Vicare Scheme: baselib characters

4.10 Characters

The characters are objects that represent Unicode scalar values.

Unicode defines a standard mapping between sequences of Unicode scalar values (integers in the range 0 to #x10FFFF, excluding the range #xD800 to #xDFFF) in the latest version of the standard and human–readable “characters”.

More precisely, Unicode distinguishes between glyphs, which are printed for humans to read, and characters, which are abstract entities that map to glyphs (sometimes in a way that’s sensitive to surrounding characters). Furthermore, different sequences of scalar values sometimes correspond to the same character. The relationships among scalar, characters, and glyphs are subtle and complex.

Despite this complexity, most things that a literate human would call a “character” can be represented by a single Unicode scalar value (although several sequences of Unicode scalar values may represent that same character). For example, Roman letters, Cyrillic letters, Hebrew consonants, and most Chinese characters fall into this category.

Unicode scalar values exclude the range #xD800 to #xDFFF, which are part of the range of Unicode code points. However, the Unicode code points in this range, the so–called surrogates, are an artifact of the UTF–16 encoding, and can only appear in specific Unicode encodings, and even then only in pairs that encode scalar values.
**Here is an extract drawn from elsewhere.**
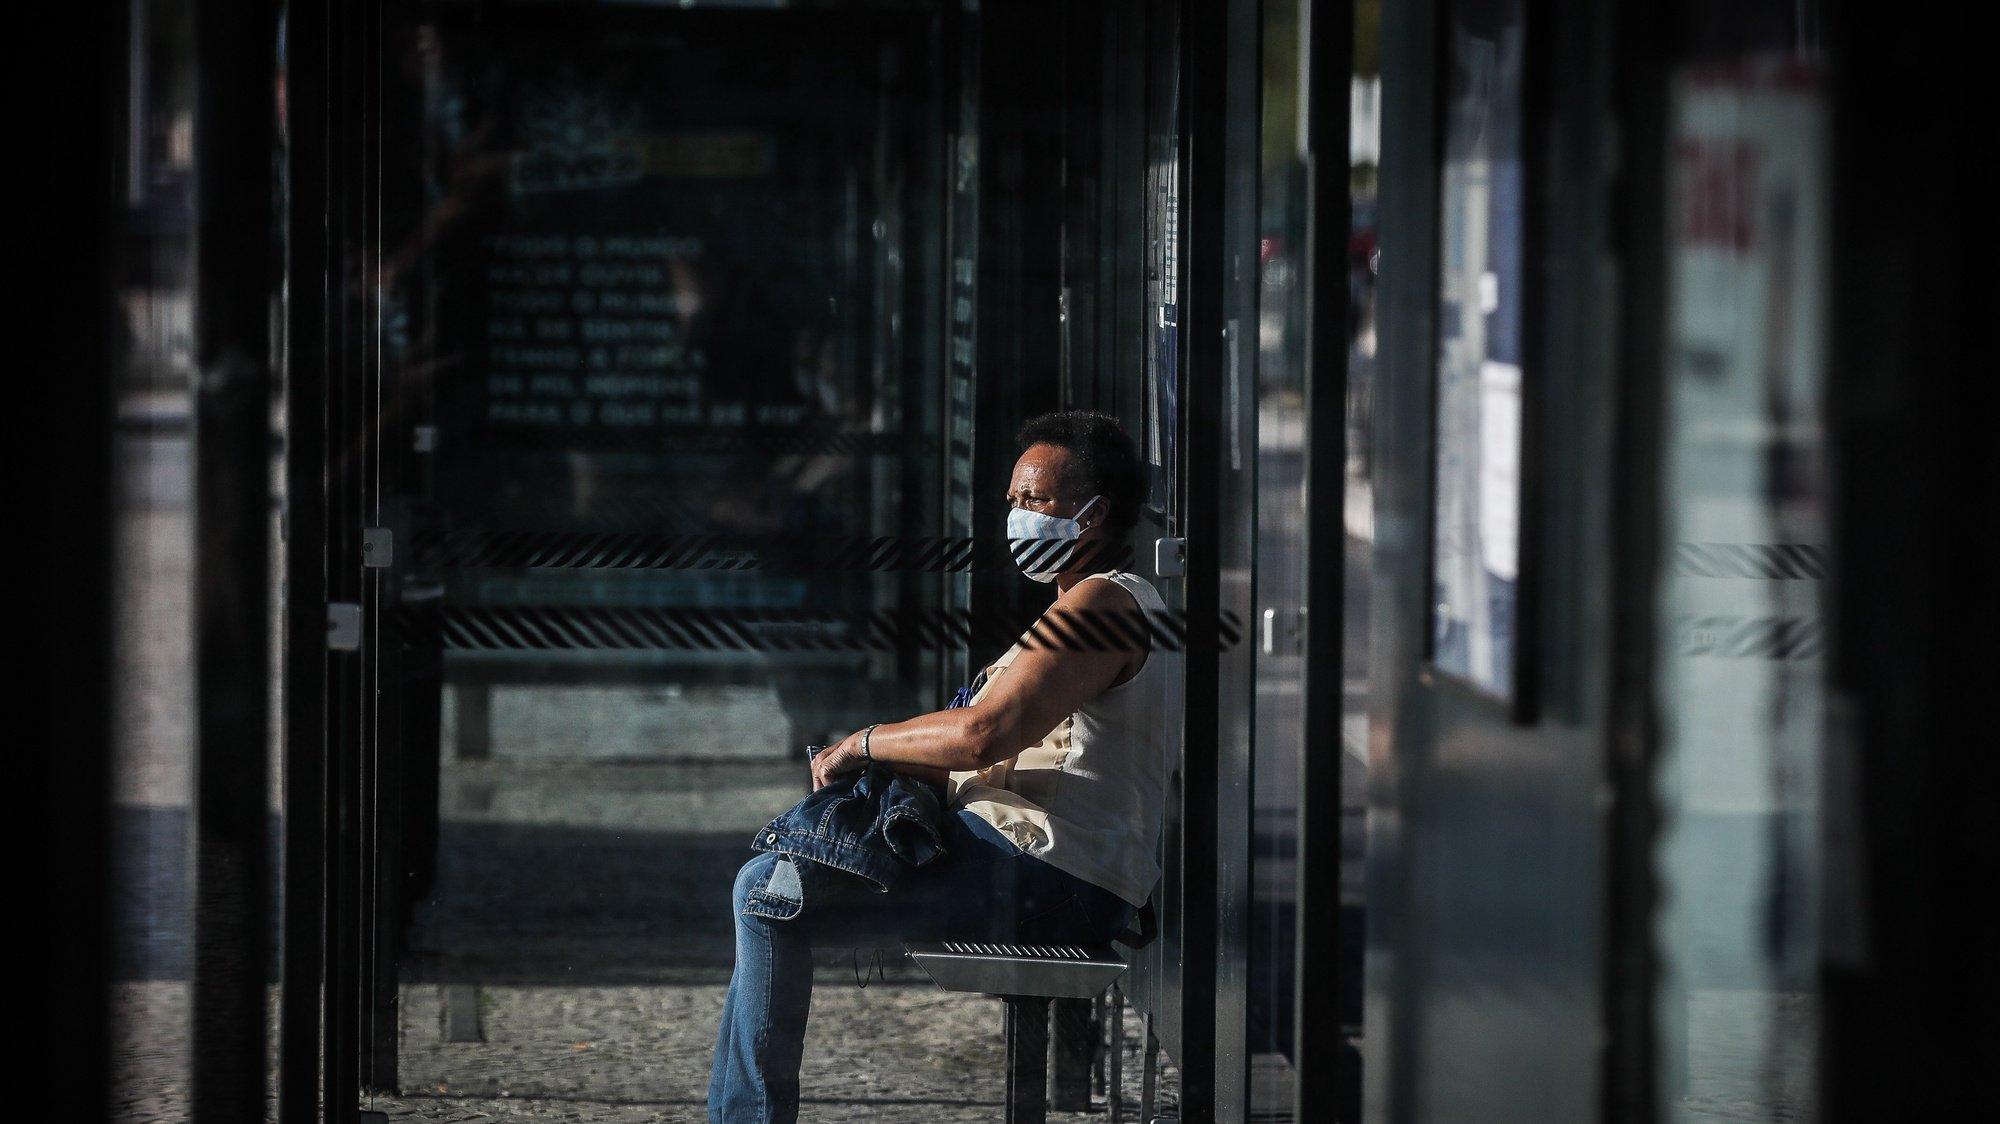 Uma pessoa espera por um autocarro dos Transportes Sul do Tejo (TST), em Cacilhas, Almada, 20 de maio de 2020. O transporte rodoviário foi reforçado com a entrada do segunda fase do desconfinamento devido à pandemia da covid-19, apesar disso as carreiras continuam com poucas pessoas o que contrasta com a grande utilização dos transportes fluviais da Transtejo/Soflusa. (ACOMPANHA TEXTO). MÁRIO CRUZ/LUSA
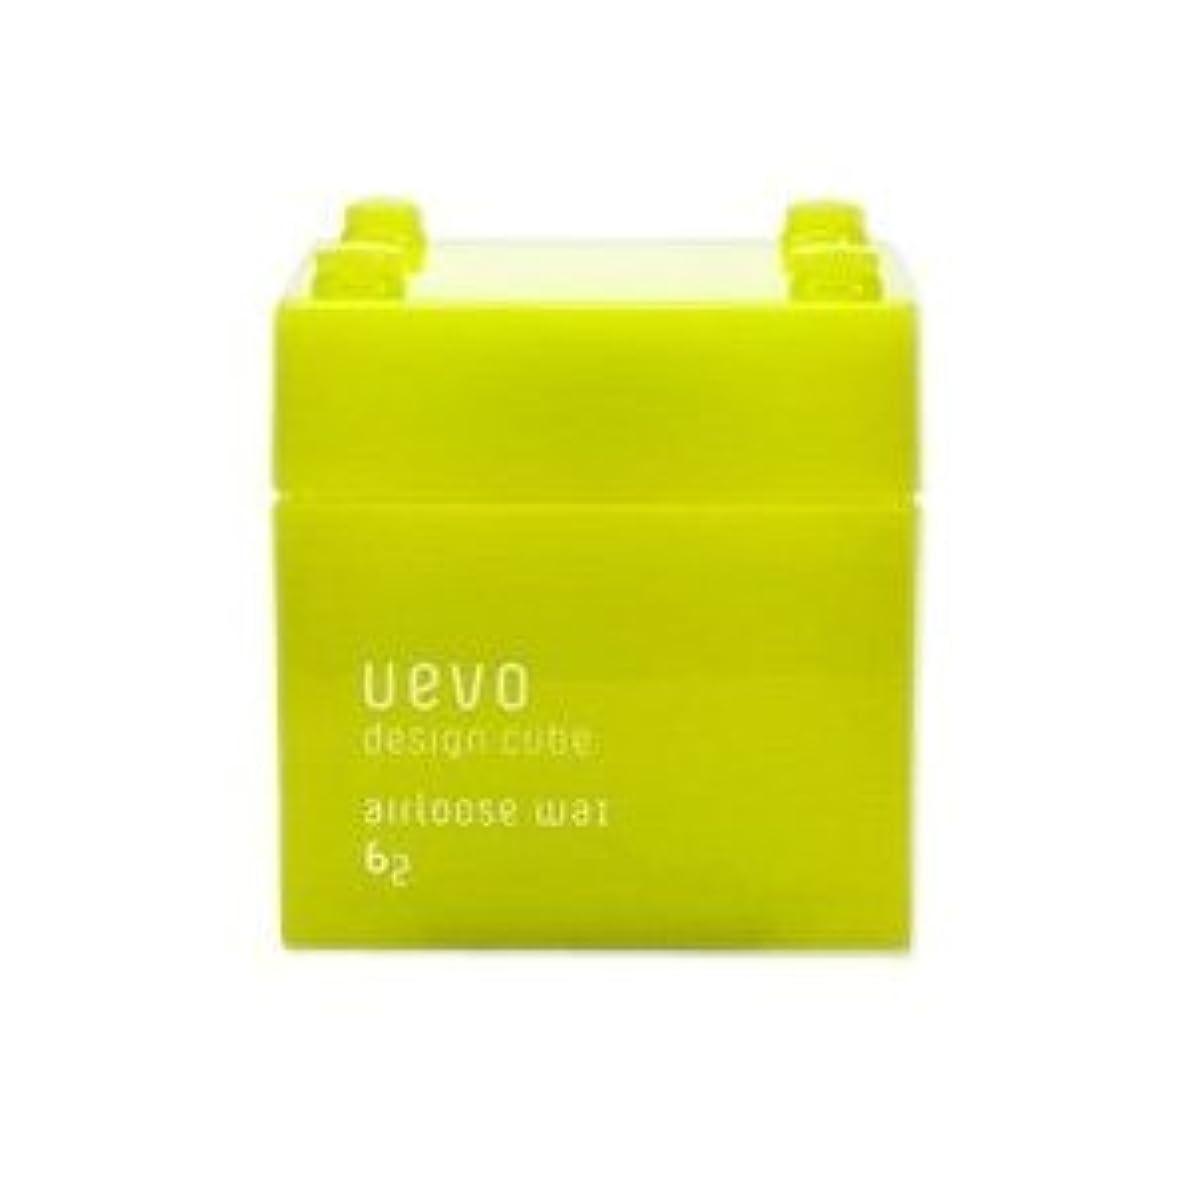 メール欺台風【X2個セット】 デミ ウェーボ デザインキューブ エアルーズワックス 80g airloose wax DEMI uevo design cube

Consequently, all characters represent code points, but the surrogate code points do not have representations as characters.

Procedure: char? obj: Return #t if obj is a character, #f otherwise.

Procedure: char->integer char

Procedure: integer->char sv

sv must be a Unicode scalar value, i.e., a non–negative exact integer object in [0, #xD7FF] union [#xE000, #x10FFFF].

Given a character, char->integer returns its Unicode scalar value as an exact integer object. For a Unicode scalar value sv, integer->char returns its associated character.

(integer->char 32)                      ⇒ #\space
(char->integer (integer->char 5000))    ⇒ 5000
(integer->char #\xD800)                 ⇒ exception &assertion

Procedure: char=? char1 char2 char3 …

Procedure: char<? char1 char2 char3 …

Procedure: char>? char1 char2 char3 …

Procedure: char<=? char1 char2 char3 …

Procedure: char>=? char1 char2 char3 …

These procedures impose a total ordering on the set of characters according to their Unicode scalar values.

(char<? #\z #\Z)                ⇒ #f